I know that occasionally philanthropic research works out, but generally I find that people are motivated by profit.
There’s an interesting question of if the distributor misrepresented the deal to Mora as he claims, but from the summary it appears nothing related to that is recorded that the court finds legally relevant.
It's really not. Exhibit A: this farmer giving away his nectarines. Hell, maybe he can write off the loss as a donation.
Patents are used to enforce the rules so that competitors don't cheat.
Selective breeding requires sometimes _decades_ of commitment and a lot of very boring work. This is not a good fit for academia and even worse fit for government programs.
Plus, it's seems false to paint this orchard as just an environment humans created where they reproduced. It's a place where the farmer very specifically reproduced them, not just the conditions.
Like all other laws. I don't see how this is relevant.
> It's a place where the farmer very specifically reproduced them, not just the conditions.
Sorry to be so blunt, but the farmer is neither fucking peaches nor giving birth to them. Living beings self reproduce. Humans sometimes put a lot of work into creating the perfect conditions for that to happen, but that is irrelevant to the point. When I smash rocks together to create a tool I and only I created that. When I plant seeds for them to grow into fruits which contain many more seeds I did not create the new seeds on my own. That does not make my work any less valuable but it does change the nature of the action. The first scenario should be allowed to be restricted to the inventor for a limited time. The second scenario should not be restricted. The act of reproduction of life should never be seen as anyone's property.

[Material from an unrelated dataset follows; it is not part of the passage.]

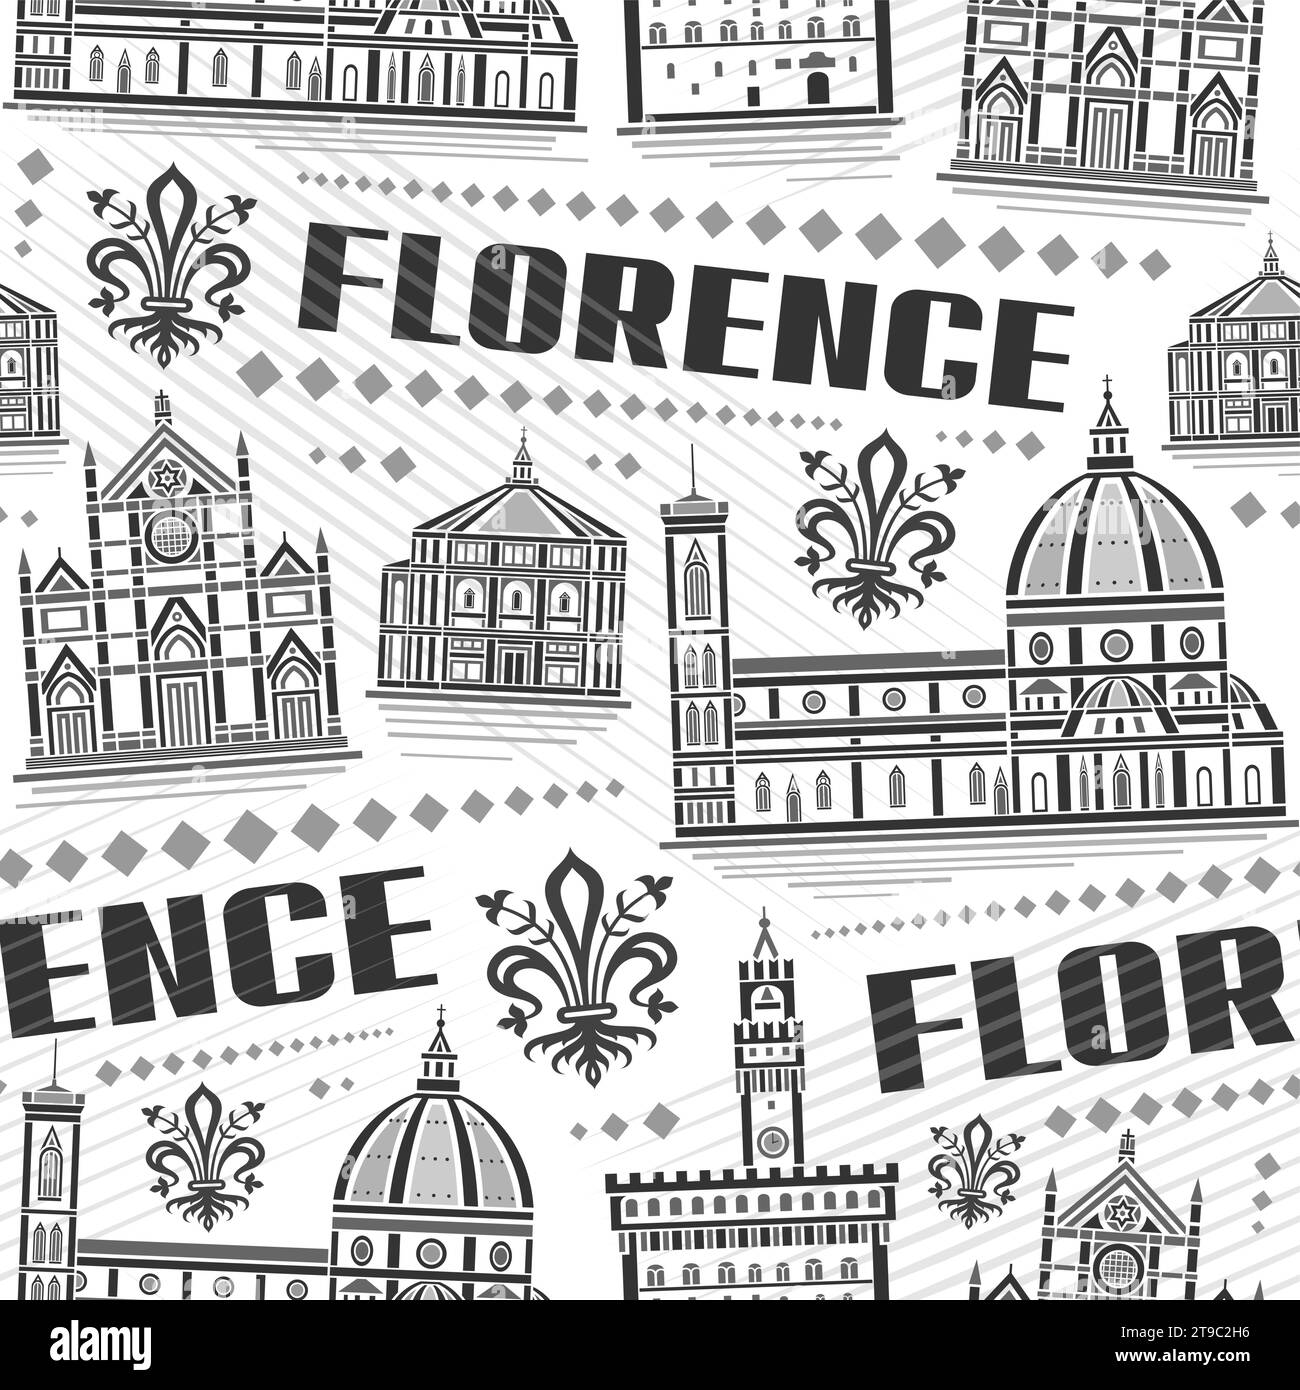 Vektor Florenz nahtloses Muster, wiederholen Hintergrund mit Illustration der berühmten europäischen florenz Stadtlandschaft auf weißem Hintergrund, monochrome Strichkunst Stock Vektor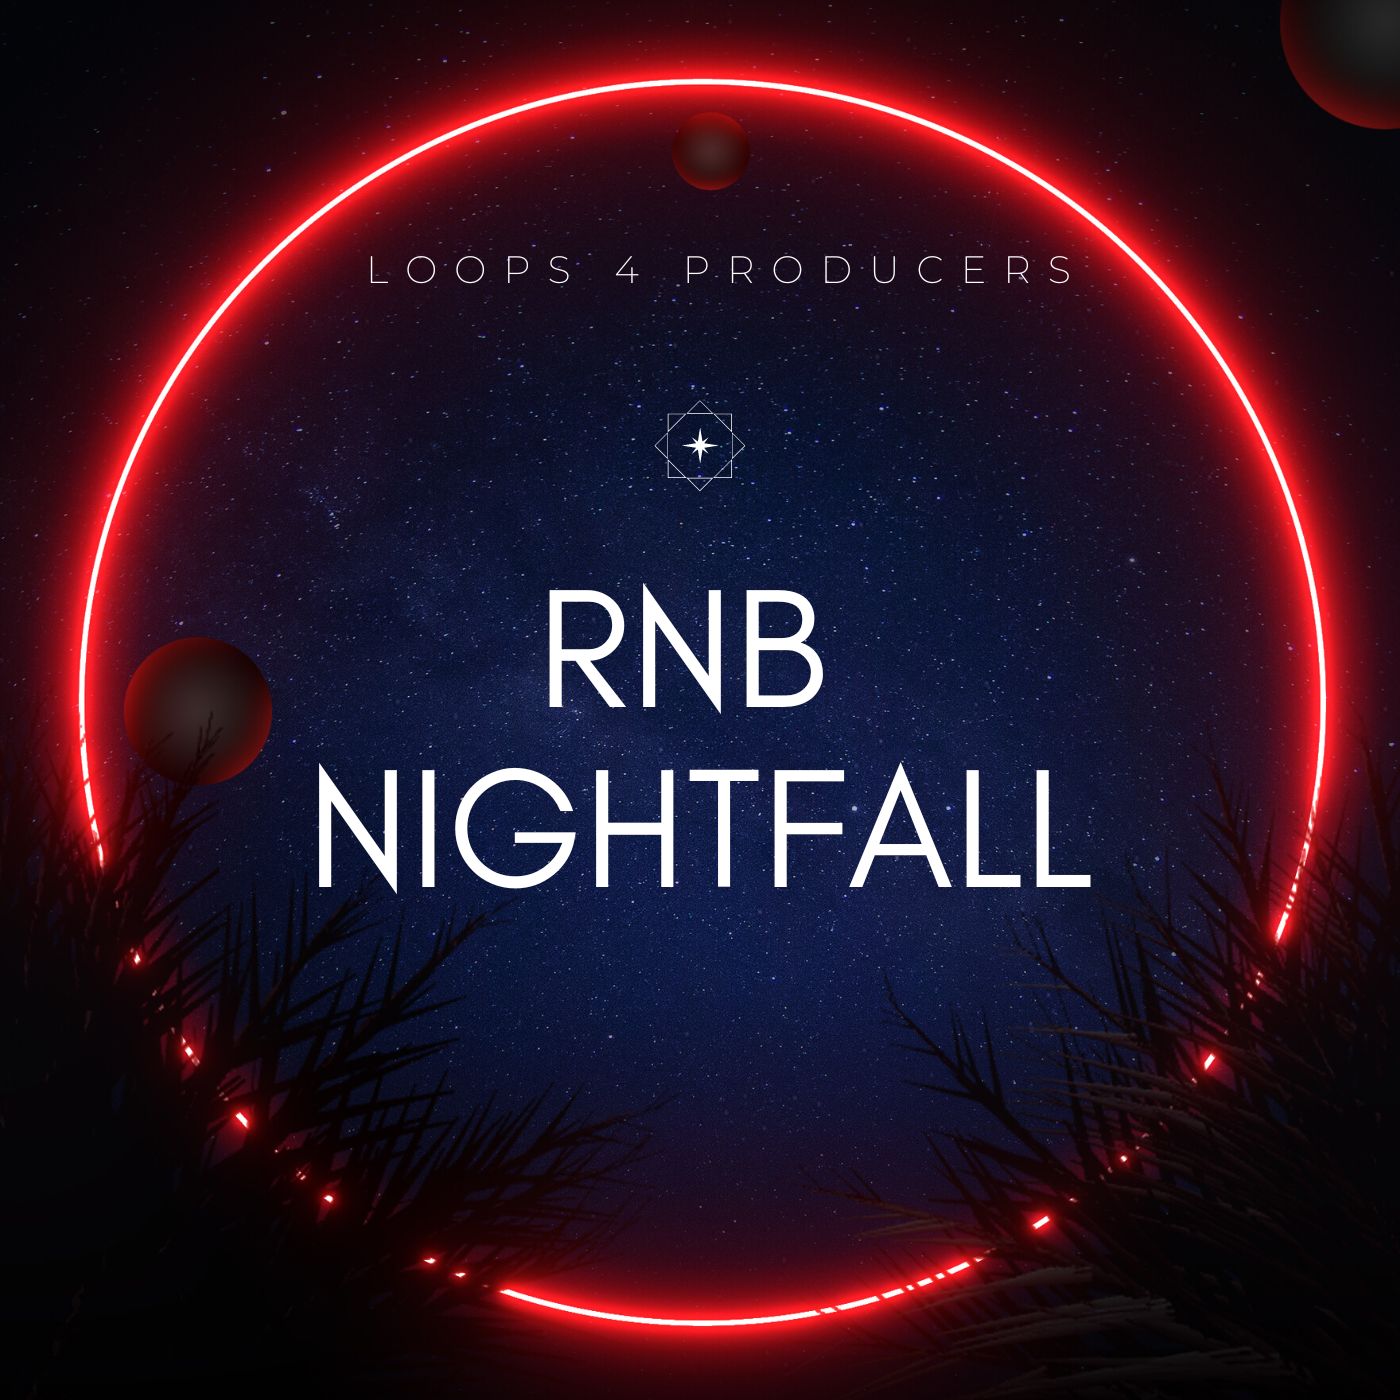 RnB NightFall

In general, crop plants don't propagate well in the wild. The whole point of breeding a crop plant is to remove their chemical defenses (to make them edible) and to make them produce lots of edible parts. This is usually the direct opposite of what plants need to survive in the wild.
This is a real thing that happens. There have been major court cases about it, like this one from Canada https://en.wikipedia.org/wiki/Monsanto_Canada_Inc_v_Schmeise...
By "wild propagation" I meant outside of the original controlled planting.
Propagating to another farm leaves the controlled area and now it's spreading in the wild.
"The impact of their wild propagation should be studied first, not unleashed upon the local ecosystem."
So by "wild propagation" you meant farm-to-farm propagation? And by "local ecosystem" you meant "farmers' fields"? And you accuse others of redefining words.